Ульрих прямо и правдиво отвечал на этот и на подобные вопросы, а когда магистр стал говорить о дружбе, соединяющей короля с художником, и назвал их обоих Орестом и Пиладом, Ульрих, гордясь оказанной его учителю честью, рассказал Кохелю, как часто король тайком посещал Моора.

Затем Кохель стал спрашивать его, как бы случайно, среди разговора: «Что, король опять удостоил вас своим посещением?» – или же замечал: «Какие вы счастливцы! Говорят, король опять был у вас?» Это «вас» льстило Ульриху, так как ему казалось, что луч королевского благоволения падает и на него, и он стал сообщать земляку о каждом посещении короля, не ожидая вопросов любопытного магистра.

Так прошли недели и месяцы.

Еще не минуло года со времени пребывания Ульриха в Мадриде, а он уже давно бегло говорил по-испански и легко мог объясняться со своими товарищами по занятиям; он даже начал учиться говорить по-итальянски.

Софронизба Ангвишола по-прежнему проводила все свои свободные часы в мастерской или беседуя с Моором. Гранды и другие высокопоставленные лица также часто посещали мастерскую. Особенно часто в ней появлялся в то время, когда там бывала красивая итальянка, давнишний обожатель ее, дон Фабрицио ди Монкада.
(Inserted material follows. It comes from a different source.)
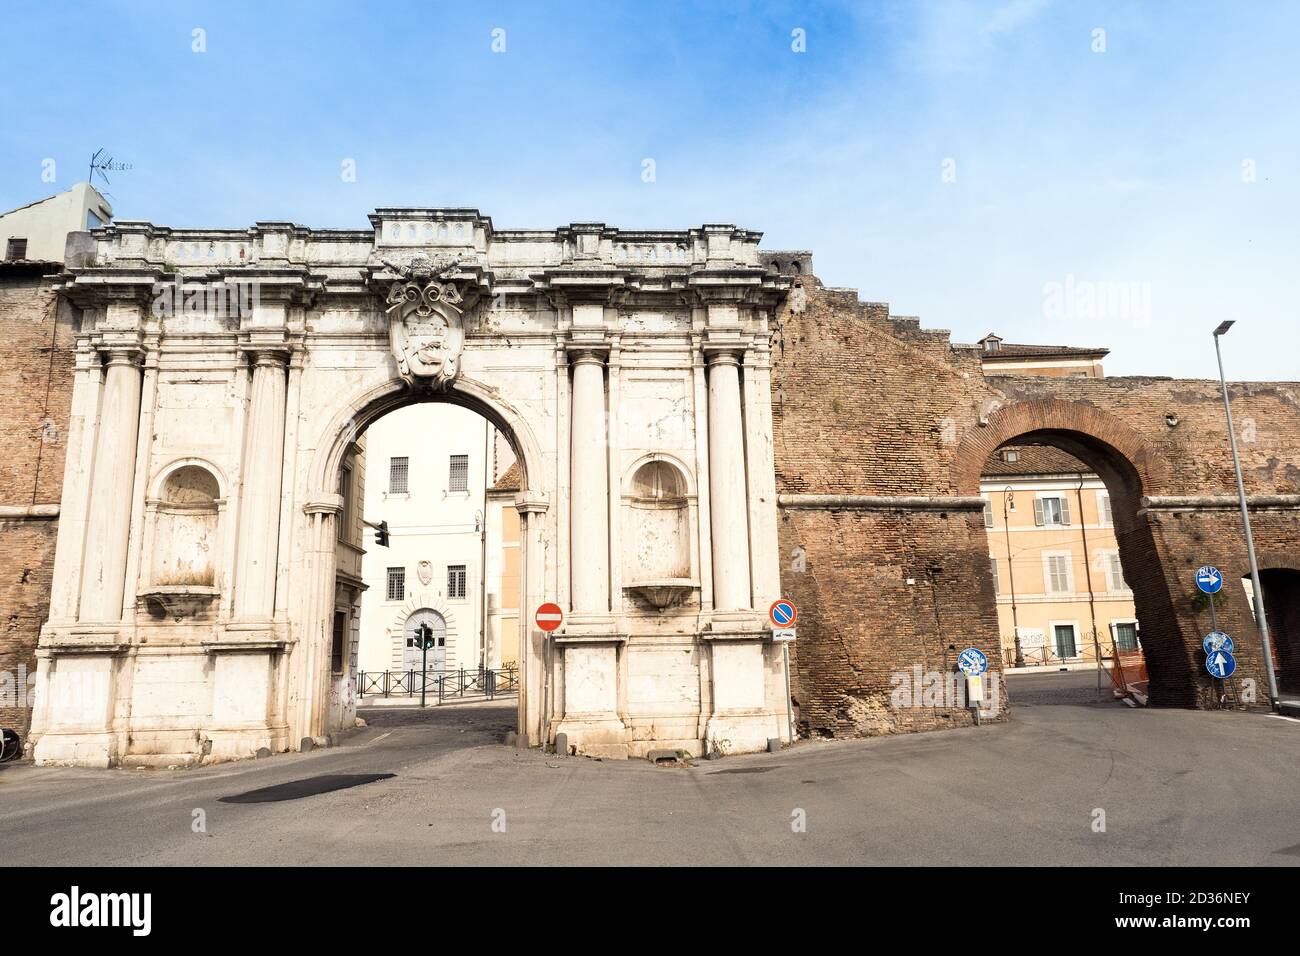 Porta Portese est une ancienne porte d'entrée de la ville, située au bout de la via Portuense, à environ un pâté de maisons des rives du Tibre, à l'extrémité sud du Rione Trastevere - Rome, Italie Banque D'Images
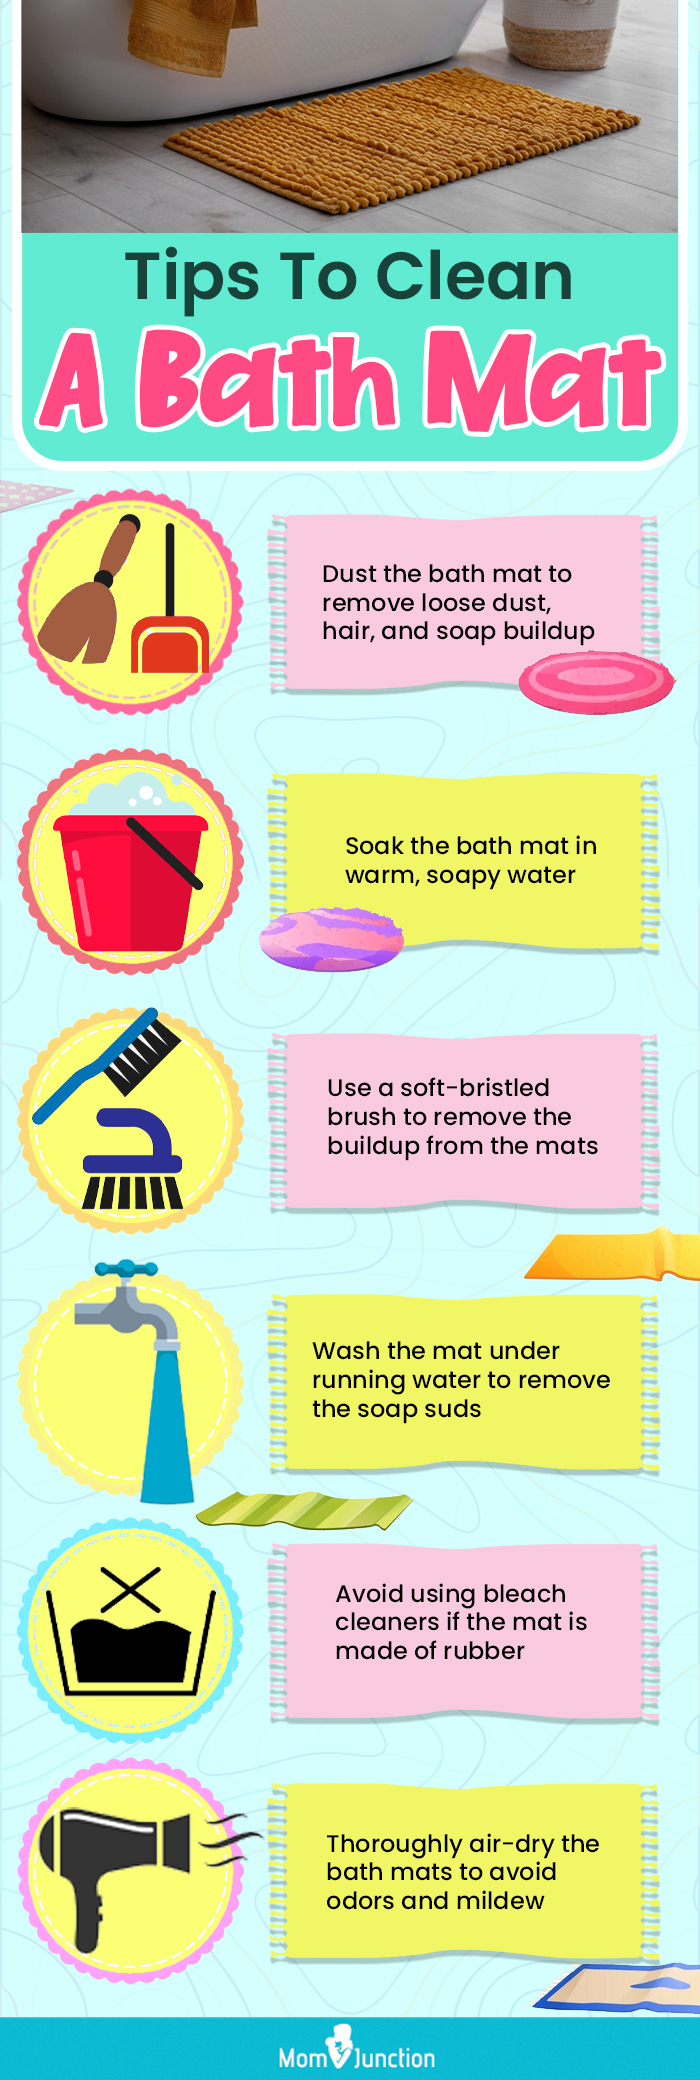 https://cdn2.momjunction.com/wp-content/uploads/2023/02/Tips-To-Clean-A-Bath-Mat.jpg

Однажды Ульрих, сам того не желая, совершенно случайно (дверь из комнаты учеников в мастерскую была отворена) подслушал, как Моор убеждал ее, что с ее стороны неблагоразумно отвергать такого жениха, как барон, человека благородного и знатного, в любви которого не могло быть сомнения. Софронизба долго не отвечала; наконец она поднялась с места и сказала взволнованным голосом:

– Мы хорошо знаем друг друга; я знаю так же, что вы желаете мне добра. И все же. Оставьте меня быть тем, что я теперь; большего я не желаю. Барон мне далеко не противен; но разве брак может принести мне что-нибудь лучше того, что я уже имею? Любовь свою я отдала искусству, а вы – мой друг… Сестры мои заменяют мне детей. Не правда ли, я приобрела право так называть их? Мне придется заботиться о них, когда отец наш проживет наследство. О моей будущности обещала позаботиться королева, а пока мое место подле нее. Мое сердце наполнено… чуть не переполнено. Я делаю все, что могу, и мне доставляет удовольствие, что я могу приносить пользу тем, кого люблю. Я желаю остаться вашей Софронизбой, я желаю остаться свободной художницей!

 

– Да, да, оставайся тем, что ты теперь, моя девочка! – воскликнул Моор, и затем в мастерской художника на долгое время все смолкло.

Между Изабеллой и Ульрихом, еще прежде чем они в состоянии были беседовать друг с другом, установились дружеские отношения, и в промежутках между занятиями они уже не раз пытались изобразить друг друга на полотне. При этом было немало смеху, а между Ульрихом и Санчесом не раз доходило до приятельских потасовок, потому что последний особенно любил придавать этим портретам карикатурные черты.

Моор часто хвалил работу Изабеллы; Ульриха же он то поощрял, то порицал, а порою и бранил. Бранил он его из деликатности обычно по-немецки, но тем не менее эти укоры очень огорчали юношу, и он целыми днями ходил как опущенный в воду.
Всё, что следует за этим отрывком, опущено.